The Iceberg Revisited
Re-reading Amy Hempel’s Collected Stories, I’m reminded of that Hemingway line—the iceberg theory—that’s been taken as a manifesto for minimalist fiction:
If a writer of prose knows enough of what [s]he is writing about [s]he may omit things that [s]he knows and the reader, if the writer is writing truly enough, will have a feeling of those things as strongly as though the writer had stated them. The dignity of movement of an iceberg is due to only one-eighth of it being above water. A writer who omits things because [s]he does not know them only makes hollow places in [her]his writing.
I’d always understood this an endorsement or explanation of a kind of pared-back presence on the page; details left unexplained, dialogue in which, without background, the words seem to weigh more, as in Hempel’s “Today Will Be A Quiet Day”:
They had already said good night some minutes earlier when the boy and girl heard their father’s voice in the dark.
“Kids, I just remembered—I have some good news and some bad news. Which do you want first?”
It was his daughter who spoke. “Let’s get it over with,” she said. “Let’s get the bad news over with.”
The father smiled. They are all right, he decided. My kids are as right as this rain. He smiled at the exact spots he knew their heads were turned to his, and doubted he would ever feel—not better, but more than he did now.
“I lied,” he said. “There is no bad news.”
Coming after an afternoon of the kids bickering—to a fairly ordinary degree, but still, bickering—the distance opened up by “It was his daughter who spoke,” instead of simply “his daughter said,” seems ominous, while “he decided” cryptically undermines his cheery conclusion (this was something he needed to decide?) And yet, there is no bad news! So maybe there isn’t. Leaving out what had led him to this thought gives it makes it mysterious in a way that feels very much like listening in on a real person. It lodges in our heads—in mine anyway—because we don’t know how to judge his decision, nor do we know why it’s significant that it’s his daughter who speaks. And I don’t want to know. The point is not knowing.
Hempel says that:
People sometimes ask me, “Do you just write a lot and then take away the extraneous parts?” No. I certainly revise, but not in the manner of taking out great amounts of writing so that I’m left with a more distilled kind of prose. What comes out the first time is pretty distilled.

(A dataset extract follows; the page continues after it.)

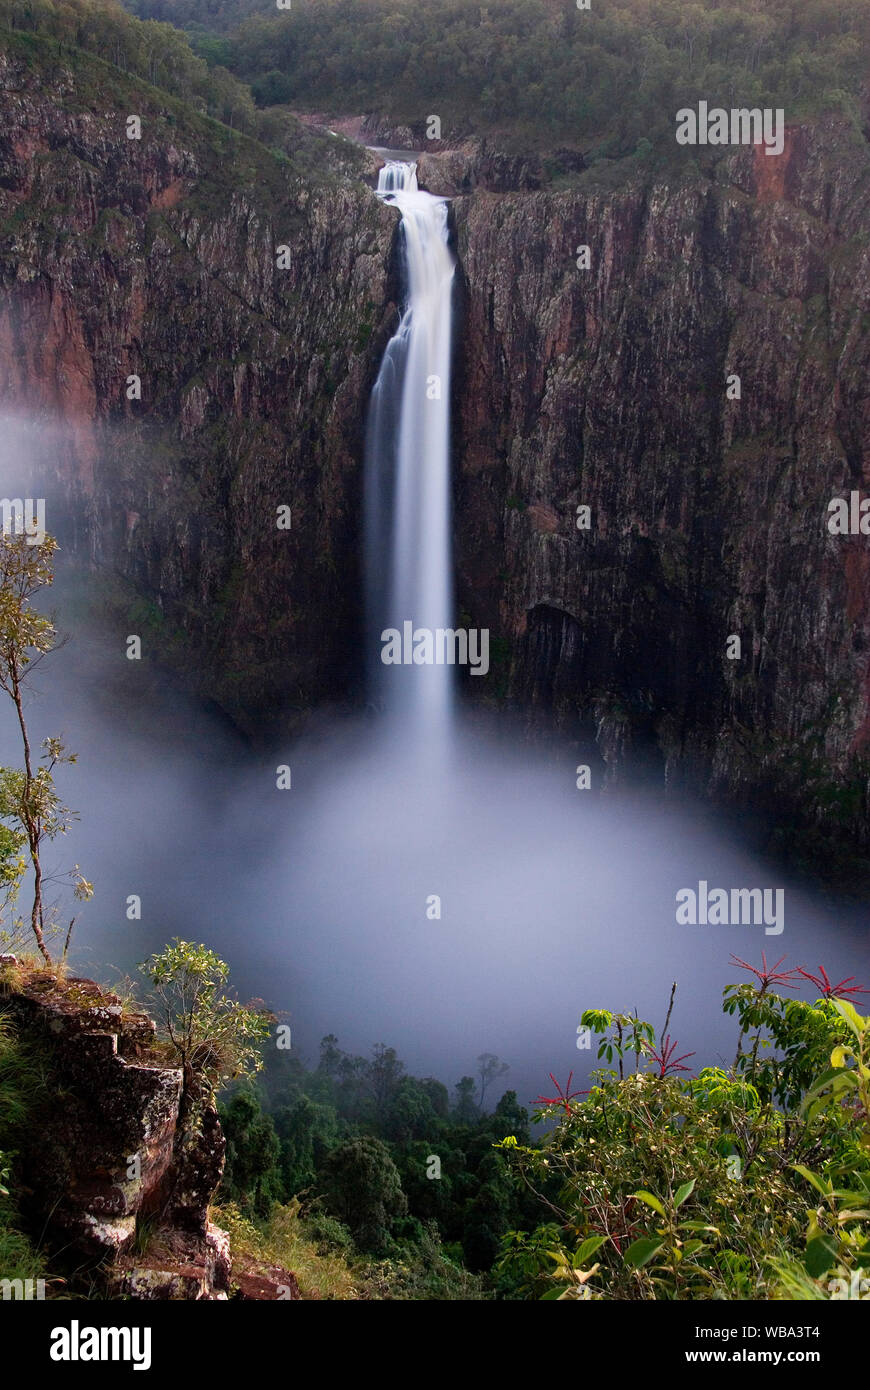 Wallaman Falls (340 m), Australiens größte permanente Wasserfall. Lumholtz Abschnitt, Girringun National Park, Queensland, Australien Stockfoto

I’m just not wordy. I am in life, but I’m not on the page. The kind of revision I do is fine-tuning, it’s tightening, it’s dispatching a metaphor and getting one that’s closer to what I mean. It’s every kind of revision except starting with many, many pages and whittling down to a short short. That’s not how it happens.
The unseen part isn’t quantity, what’s left or taken out. It’s what’s put in—time, and rough drafts, as the writer finds what her characters would say, knows what they’d intend but leave unsaid, and what they’d understand. The just-right detail. Sometimes—rarely—that happens quickly. For me, more often, the unseen part of a story is more like seventy eighths than seven. They’re all in a folder named “drafts.”